Introducing the troubled, up and down relationship between Gyllenhaal’s Jeff Bauman and Orphan Black star Tatiana Maslany’s Erin Hursley from the outset, the movie swiftly moves onto the events of the bombing without ever specifically focusing on its’ reasoning or motive and instead directly leads the narrative from the point of view of Bauman who throughout the course of the movie recounts flashbacks of the event, with each progressively getting more detailed and bloody as the film trickles through his long-standing recovery in both a physical and mental capacity.
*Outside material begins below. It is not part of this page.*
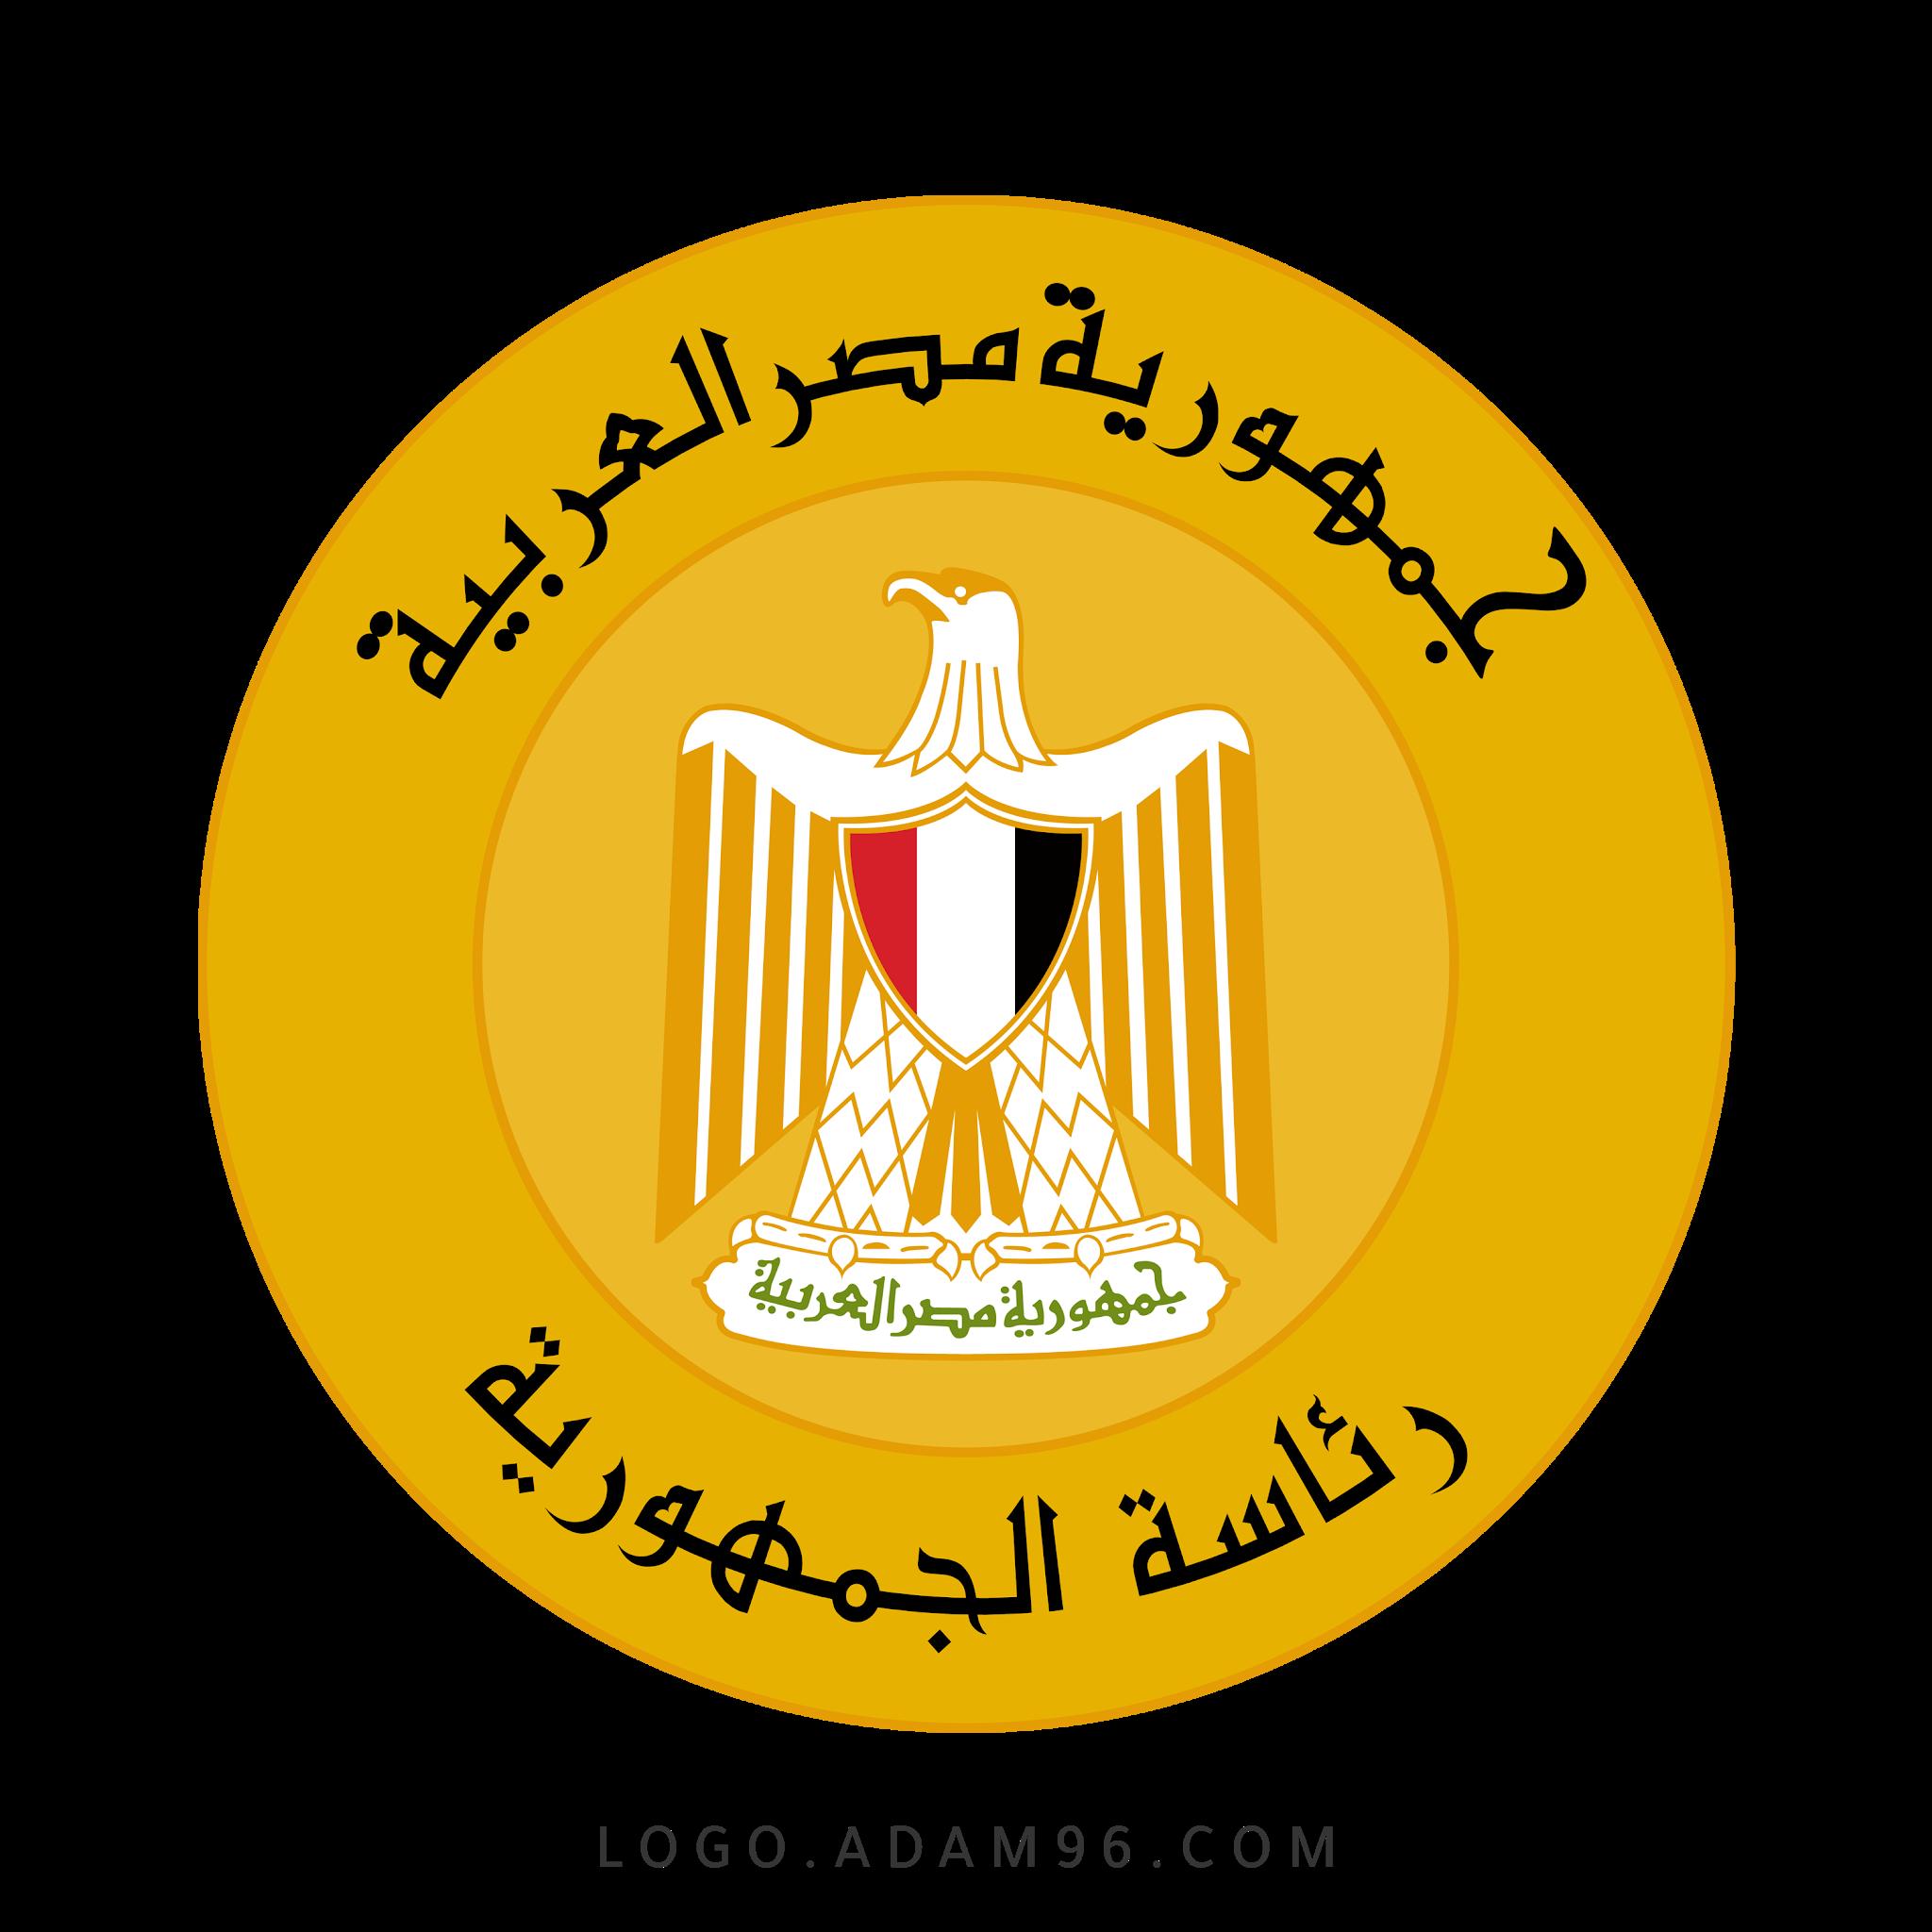 تحميل شعار رئاسة الجمهورية مصر لوجو رسمي عالي الجودة PNG

With Gyllenhaal using the character of Bauman as a vessel for his already well established acting chops, utilising the direction of Green to balance moments of emotion fuelled drama with low-key physical movements and reactions, Stronger does have a variety of Oscar baity speeches which in other hands would possibly have derailed the movie’s ultimate goal, but with impressive supporting performances from the likes of Maslany and Miranda Richardson, who although in her portrayal of the expletive ridden, Bostonian parent figure did bring to mind the brilliance of Melissa Leo in The Fighter, Green’s movie is a straightforward character piece, but with such an interesting character at its’ centre, Stronger is more then fulfilling, if slightly forgettable.